The first transports of grief having subsided, a source of consolation seemed to be opened in the belief that her father had only changed one form of being for another; that he still lived to be the guardian of her peace and honour, to enter the recesses of her thought, to forewarn her of evil and invite her to good. She grasped at these images with eagerness, and fostered them as the only solaces of her calamity. They were not adapted to inspire her with cheerfulness, but they sublimed her sensations, and added an inexplicable fascination to sorrow.

It was unavoidable sometimes to reflect upon the nature of that death which had occurred. Tokens were sufficiently apparent that outward violence had been the cause. Who could be the performer of so black a deed, by what motives he was guided, were topics of fruitless conjecture. She mused upon this subject, not from the thirst of vengeance, but from a mournful curiosity. Had the perpetrator stood before her and challenged retribution, she would not have lifted a finger to accuse or to punish. The evil already endured left her no power to concert and execute projects for extending that evil to others. Her mind was unnerved, and recoiled with loathing from considerations of abstract justice, or political utility, when they prompted to the prosecution of the murderer.

Melbourne was actuated by different views, but on this subject he was painfully bewildered. Mr. Dudley's deportment to his servants and neighbours was gentle and humane. He had no dealings with the trafficking or labouring part of mankind. The fund which supplied his cravings of necessity or habit was his daughter's. His recreations and employments were harmless and lonely. The evil purpose was limited to his death, for his chamber was exactly in the same state in which negligent security had left it.
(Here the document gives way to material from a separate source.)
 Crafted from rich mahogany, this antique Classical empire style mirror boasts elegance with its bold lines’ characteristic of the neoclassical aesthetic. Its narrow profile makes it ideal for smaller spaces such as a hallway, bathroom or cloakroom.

No midnight footstep or voice, no unbarred door or lifted window, afforded tokens of the presence or traces of the entrance or flight of the assassin.

The meditations of Constantia, however, could not fail in some of their circuities to encounter the image of Craig. His agency in the impoverishment of her father, and in the scheme by which she had like to have been loaded with the penalties of forgery, was of an impervious and unprecedented kind. Motives were unveiled by time, in some degree accounting for his treacherous proceeding; but there was room to suppose an inborn propensity to mischief. Was he not the author of this new evil? His motives and his means were equally inscrutable, but their inscrutability might flow from her own defects in discernment and knowledge, and time might supply her defects in this as in former instances.
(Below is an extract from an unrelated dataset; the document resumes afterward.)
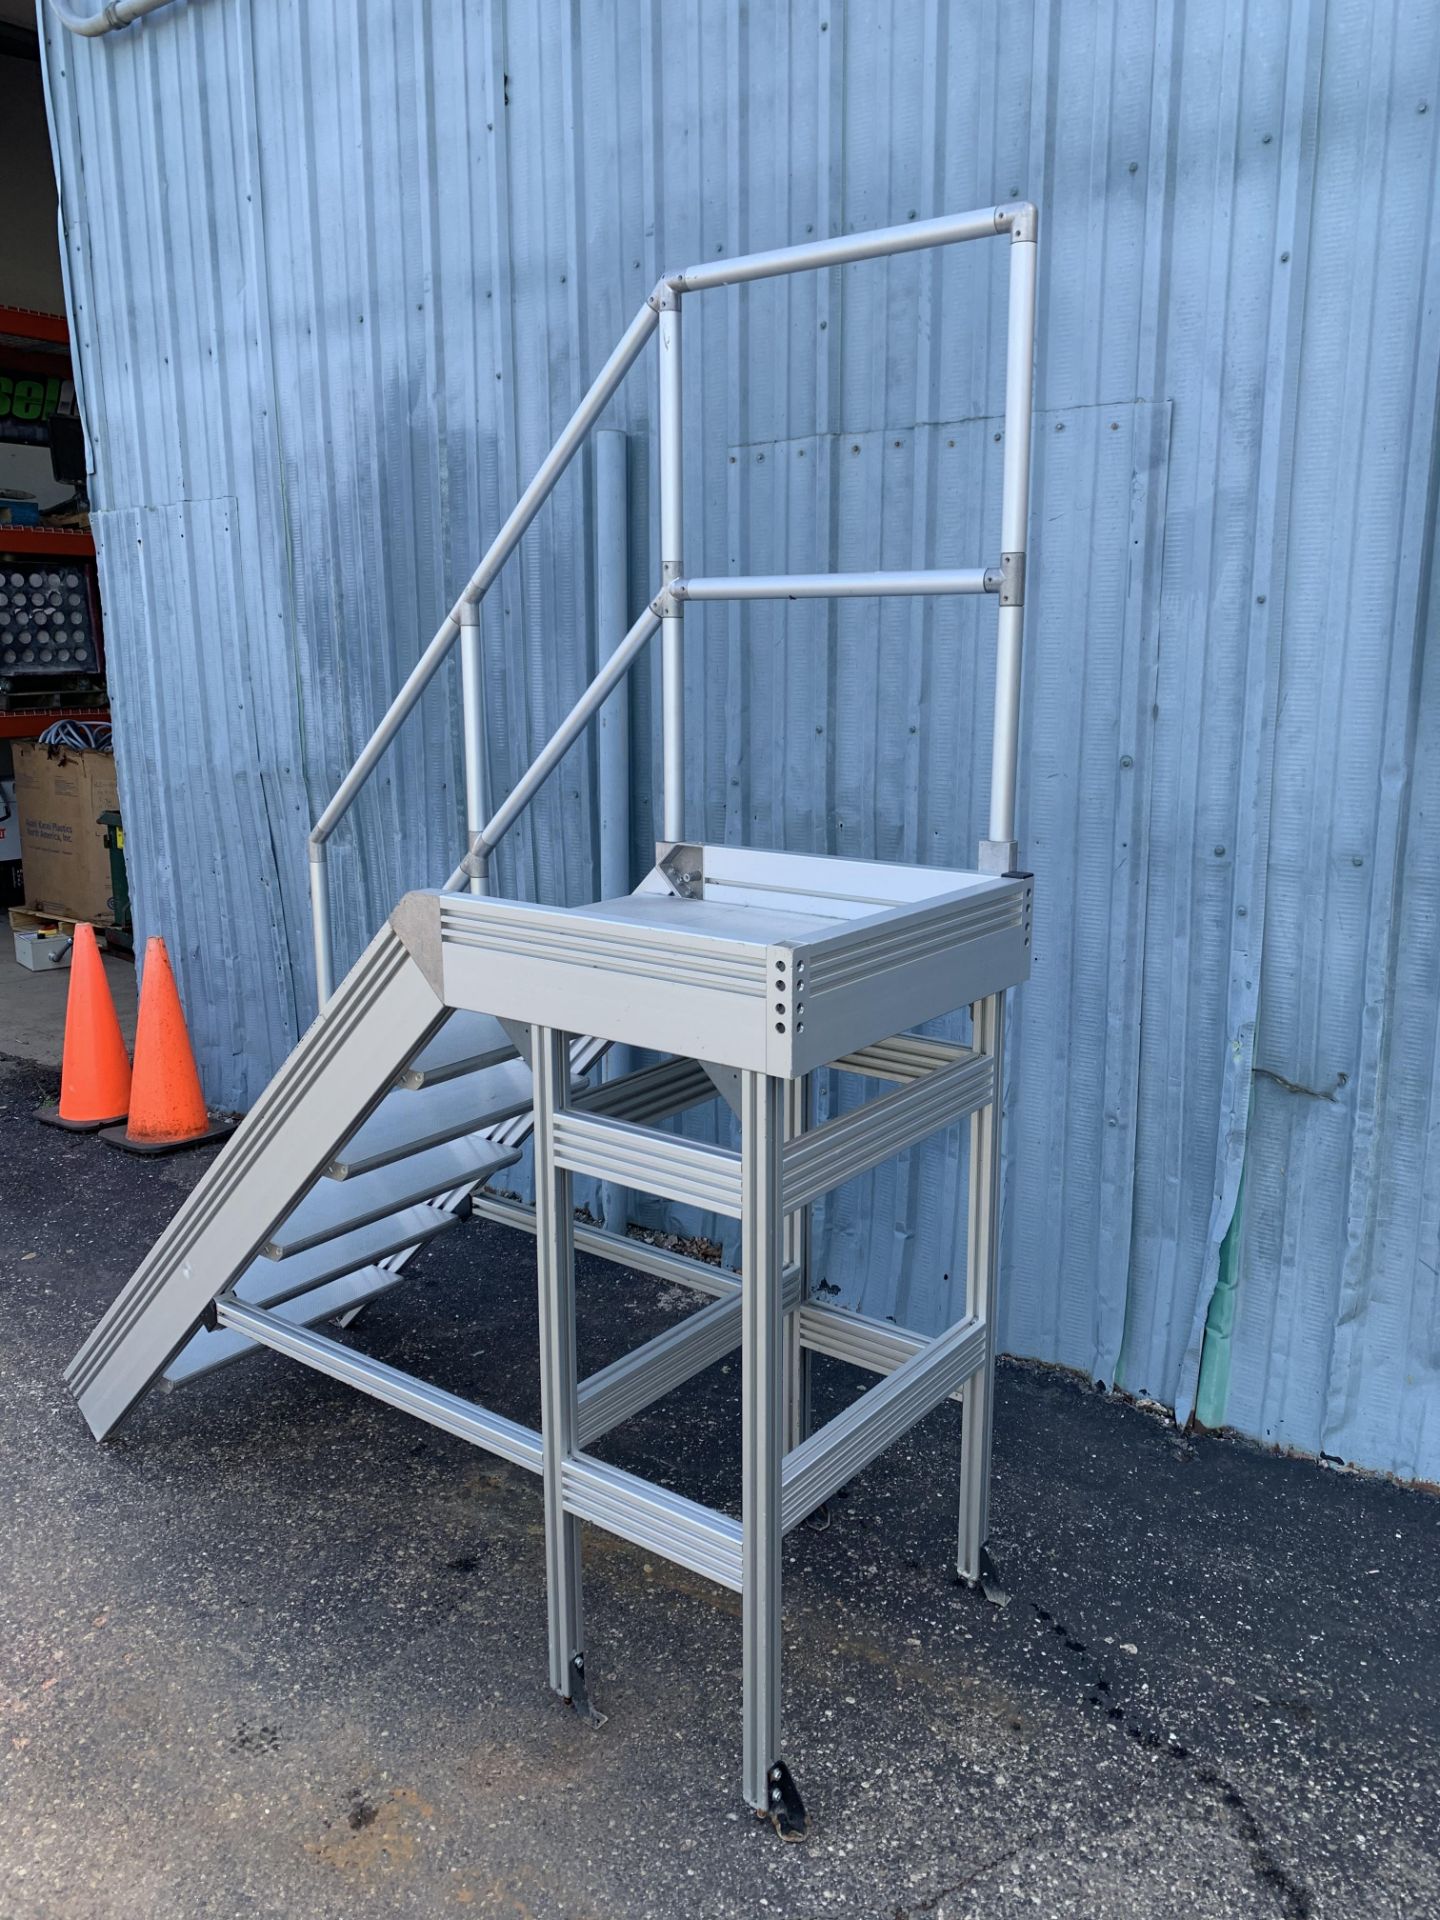 UNKNOWN BRAND ALUMINUM STAIRS WITH RAIL, 6-STEPS, TOP PLATFORM STEP 50" HIGH - Image 2 of 8

These images were casual. The causes of the evil were seldom contemplated. Her mind was rarely at liberty to wander from reflection on her irremediable loss. Frequently, when confused by distressful recollections, she would detect herself going to her father's chamber. Often his well-known accents would ring in her ears, and the momentary impulse would be to answer his calls. Her reluctance to sit down to her meals without her usual companion could scarcely be surmounted.

In this state of mind, the image of the only friend who survived, or whose destiny, at least, was doubtful, occurred to her. She sunk into fits of deeper abstraction and dissolved away in tears of more agonizing tenderness. A week after her father's interment, she shut herself up in her chamber, to torment herself with fruitless remembrances. The name of Sophia Westwyn was pronounced, and the ditty that solemnized their parting was sung. Now, more than formerly, she became sensible of the loss of that portrait which had been deposited in the hands of M'Crea as a pledge. As soon as her change of fortune had supplied her with the means of redeeming it, she hastened to M'Crea for that end. To her unspeakable disappointment, he was absent from the city; he had taken a long journey, and the exact period of his return could not be ascertained. His clerks refused to deliver the picture, or even, by searching, to discover whether it was still in their master's possession. This application had frequently and lately been repeated, but without success; M'Crea had not yet returned, and his family were equally in the dark as to the day on which his return might be expected.